Exit 15 had been a three-ramp intersection. Now, the DOT's project has created a fourth ramp, which will allow motorists in Yarmouth to enter I-295's northbound lanes. The new access could create a small boost in business, business owners and others in the area said.
"I think it might change traffic patterns a little bit," said Carolyn Schuster, executive director at Yarmouth Chamber of Commerce. "It's a great opportunity."
During the past three months, however, businesses near Exit 15 have felt pinched by the construction work. Since March, the off-ramp has been closed to northbound traffic, and Grill 233 has lost a substantial amount of revenue.
"It's been like a ghost town near the exit," said John Kyle, co-owner of the restaurant. "We're down 50 percent on our lunches."
Kyle said the exit's temporary closure has cut off the flow of northbound tourists, who comprise a substantial number of his daytime customers.
Nonetheless, Kyle remains optimistic about the project's long-term effect. When the newly revamped exit opens, Kyle anticipates a boost in business that will eventually recoup his recent losses. The ramp could also spur other businesses to build in the area.
"No question about it," he said. "It's going to make my property worth more money overnight."
Campbell Clegg, co-owner of Maine Roasters Coffee, had a succinct outlook on the construction project, but isn't sure if it will result in any gains.

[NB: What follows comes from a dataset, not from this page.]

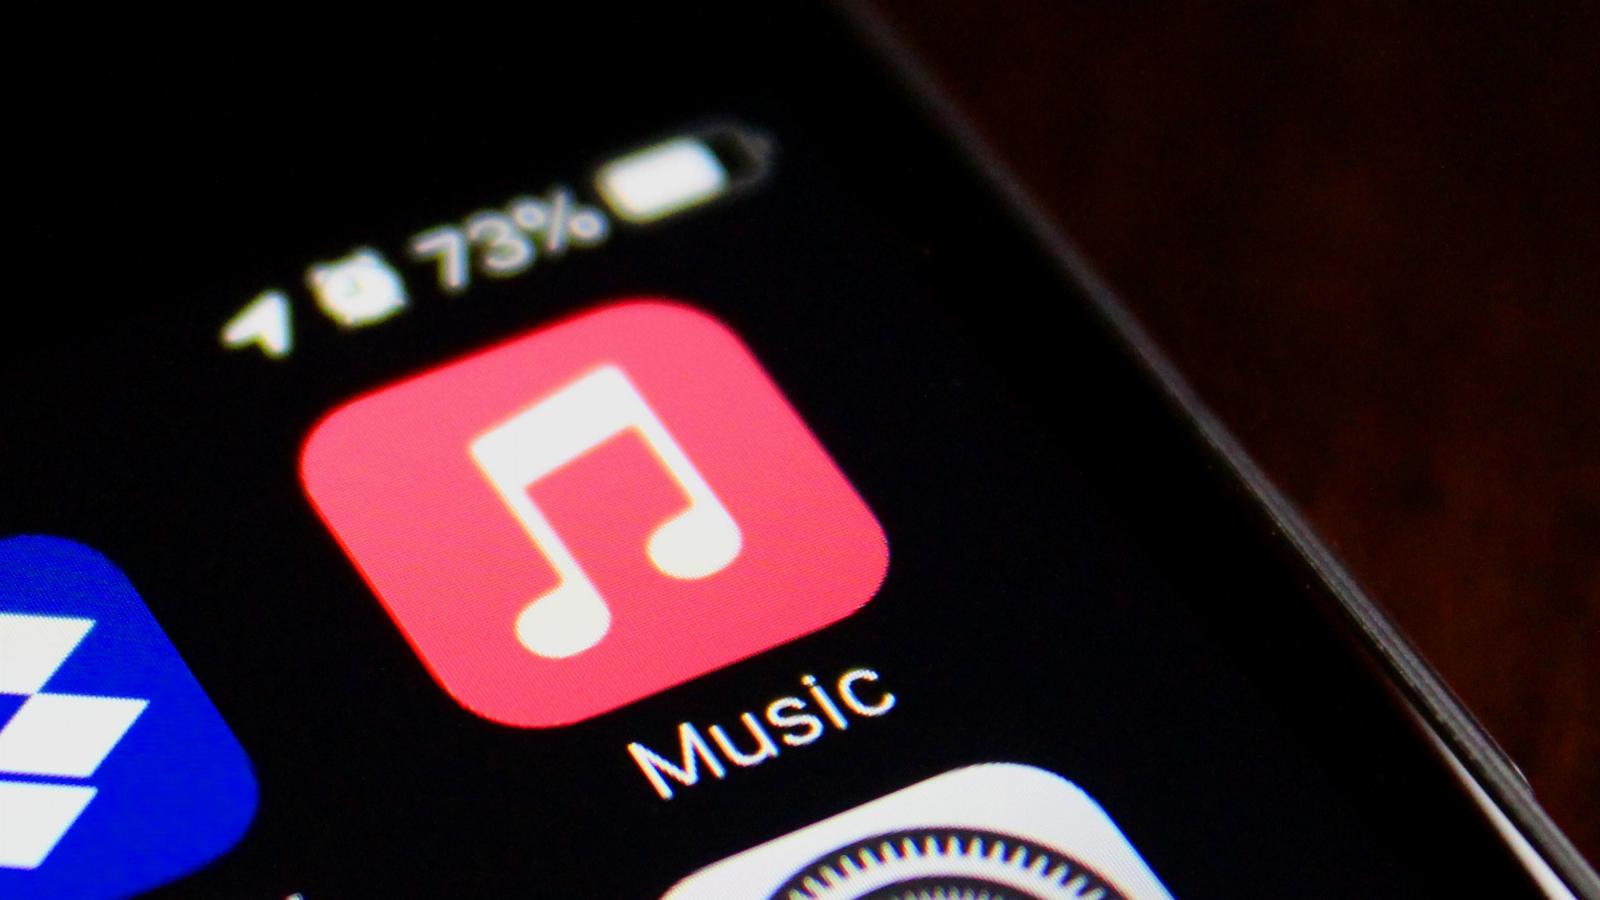 Apple Music adds a new algorithmic station to let users discover new music

"It's been a pain in the tush," he said. "My answer is wait and see."
George Hildreth, owner of Yarmouth Auto Care – a service center and gas station – agreed that business has been slow since the exit closed three months ago.
"I can't wait for it to open back up," he said.
Hildreth doesn't anticipate an increase in business with the addition of the fourth ramp, but he is excited about the new Park & Ride. Motorists who frequently park in the lot might also leave their cars with Hildreth for repairs, he said.
Penny Vaillancourt, manager for the state's Park & Ride program, predicts the 300-car lot will be well utilized. A 25-car lot two miles away at Exit 17 is always full, she said. Other lots in southern Maine are also popular.
The Exit 15 Park & Ride location was identified as a high priority in several independent studies, Vaillancourt said. The goal of the program is to mitigate traffic congestion and improve air quality, which is especially important in greater Portland.
The due date for the ramp is Friday, June 28, but MaineDOT engineer Beecher Whitcomb predicts stormy weather may interfere. A July 3 opening is more realistic, he said.
"It's not from lack of trying," he said. "We'll be out here working on weekend nights to make it happen."
Meanwhile, the Yarmouth Chamber of Commerce and the Town Council have been in talks to capitalize on the new exit – and a number of other town assets – by creating an economic development initiative, Shuster said. The initiative will be a topic at the next council meeting on July 8.
The $6.1 million Exit 15 project began in mid-February, and is being handled by Shaw Brothers Construction Co. The company blasted through a rock shelf to create the new ramp, and hauled away 40,000 cubic yards of stone, Whitcomb said. Minor work will continue alongside the roadway even after the ramp is opened.